On this record, all that has been shown by Ridley Arms is that it cost more to pay the Township for refuse collection than to pay a private collector. To say that the tax is unreasonable solely for this reason is naive, for the Township, as a government, has other considerations associated with providing services that a private entrepreneur does not have — such as costs associated with bidding requirements and providing service to the entire community at a reasonable price.

Comparing costs encountered by the Township to those of a private contractor does not logically compel a finding of unreasonableness. In order to show the Township’s costs were unreasonable, Ridley Arms should have been required to show that the rates charged exceeded the Township’s costs. The record is void of such a showing and does not persuasively show that amounts charged by the Township were excessive. In fact, contrary to the tenor of the majority’s opinion, which would lead one to believe otherwise, the record in this case shows that the Township *553suffered losses each year in providing refuse collection to the community. For example, in 1979 the Township collected revenues for refuse collection in the amount of $493,-118.00, but the cost of providing the service was $643,087.00 —a deficit of $149,969.00. R., Exhibit “H”. The deficits in other years were not as great, but significant.

Finally, the majority’s solution to this dilemma is overly broad. Under their approach, any time a taxpayer could obtain services through the private sector at a lower price than that at which the municipality provided the services, he could challenge the tax as being unreasonable and prevail. In the instant case, it would allow the homeowners who also paid the rate to mount this same challenge and be successful. The majority’s analysis would also allow a person whose child attended private school for less money than the school district taxed for public schools to challenge the tax as being unreasonable, thereby exempting himself from the tax and perhaps establishing a right to a tax refund.
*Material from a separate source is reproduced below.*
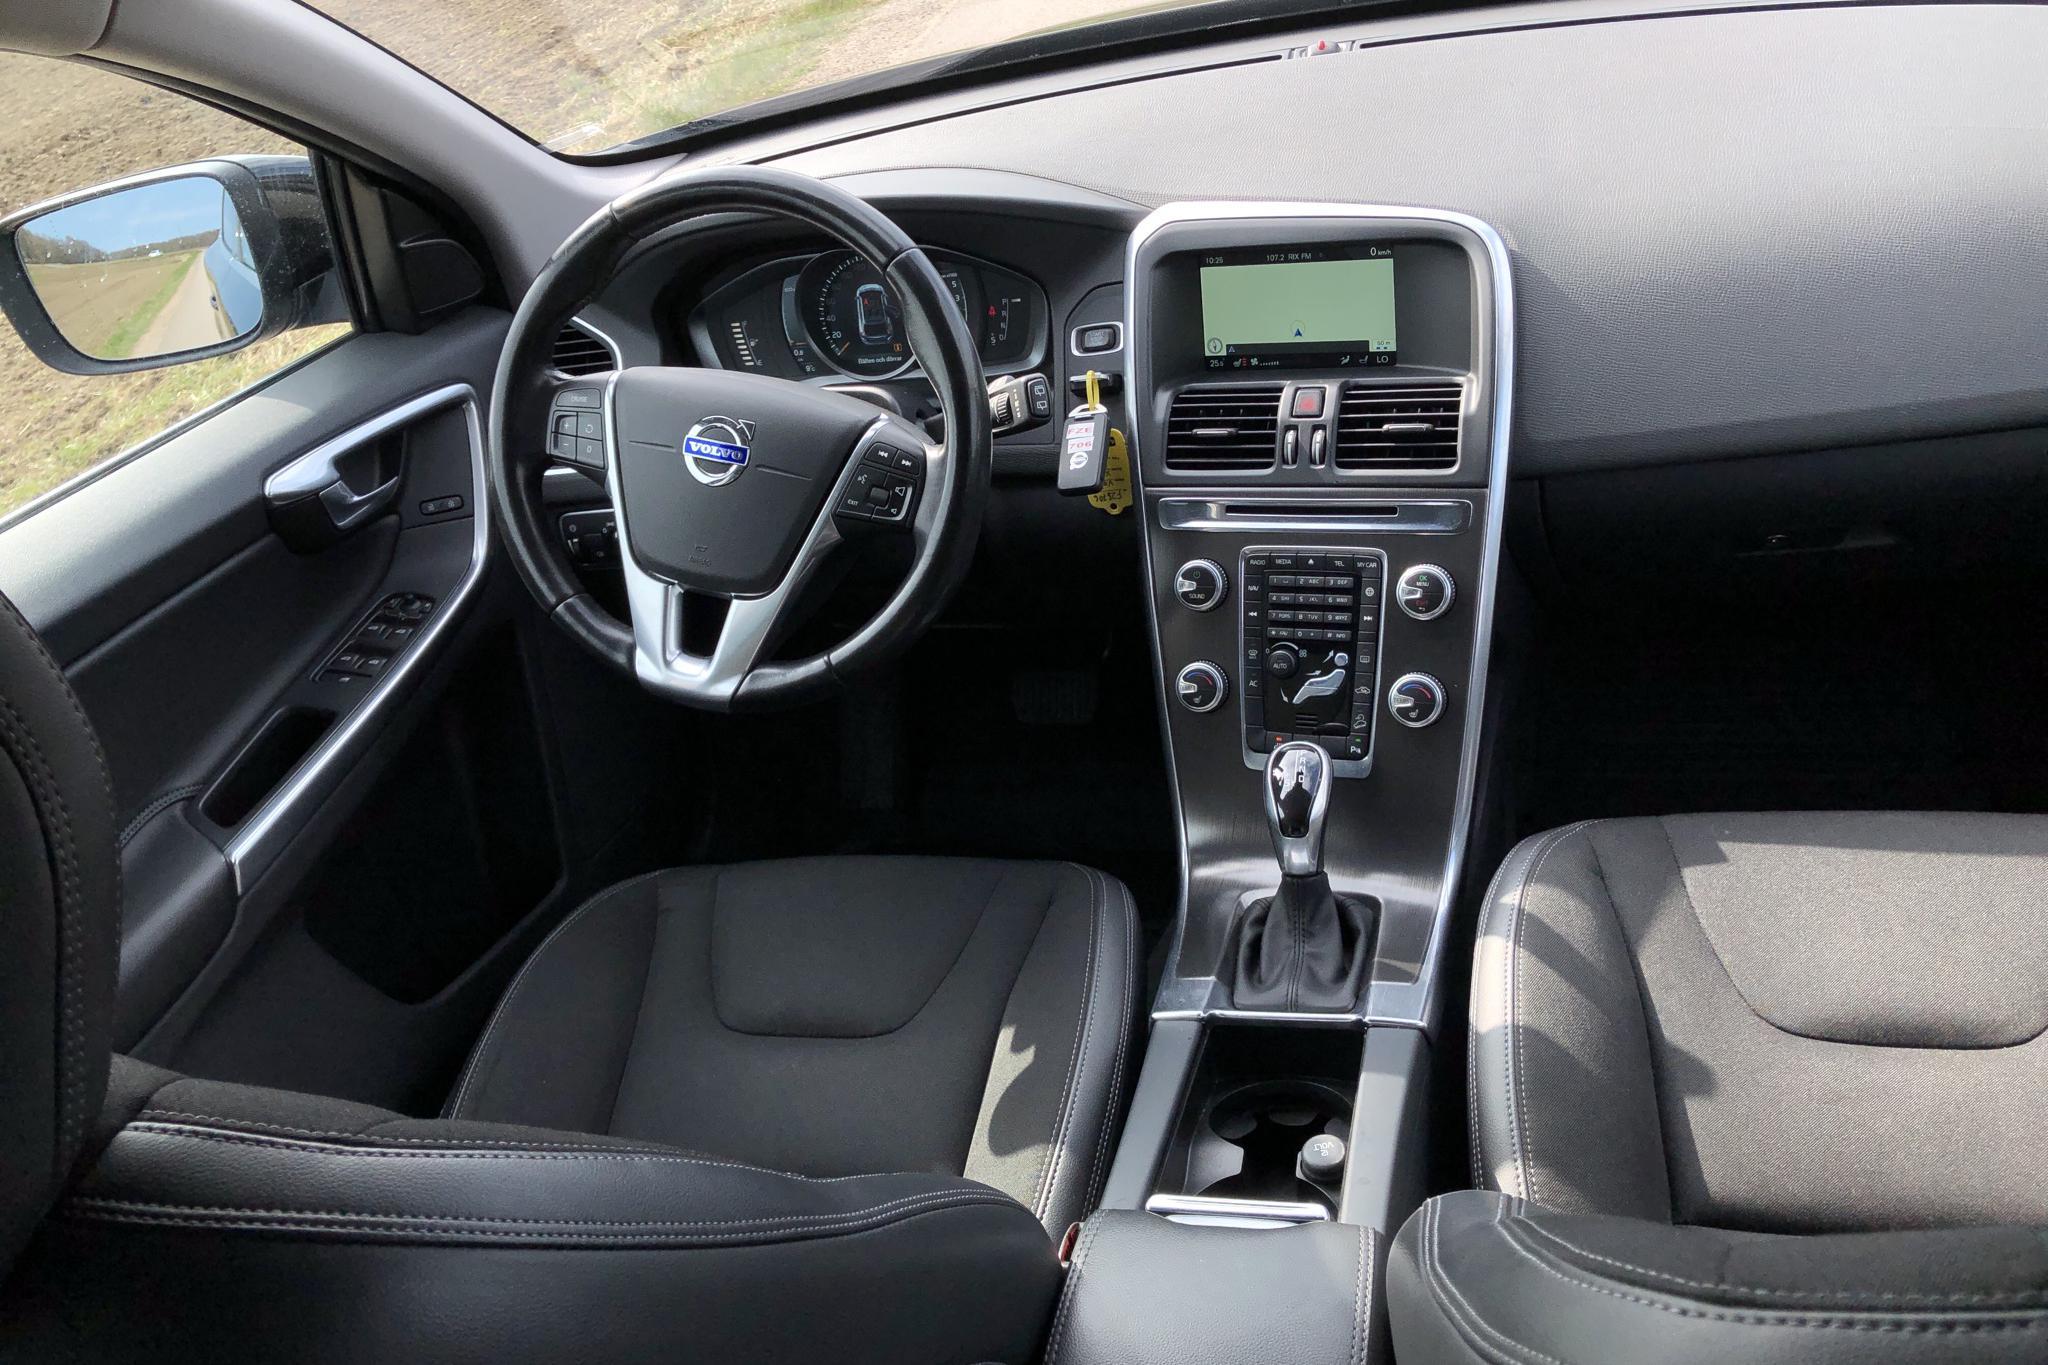 Volvo XC60 D4 AWD (190hk) - 135 020 km - Automatic - black - 2016

The problem of refuse disposal is a municipal problem and calls for a municipal solution. By analyzing this case in a manner dealing only with the individualized impact of taxes and costs of one building, the majority has ignored this fact and set an overly broad precedent which will seriously impede the ability of municipal corporations to provide services such as refuse collection at reasonable costs to everyone in the community.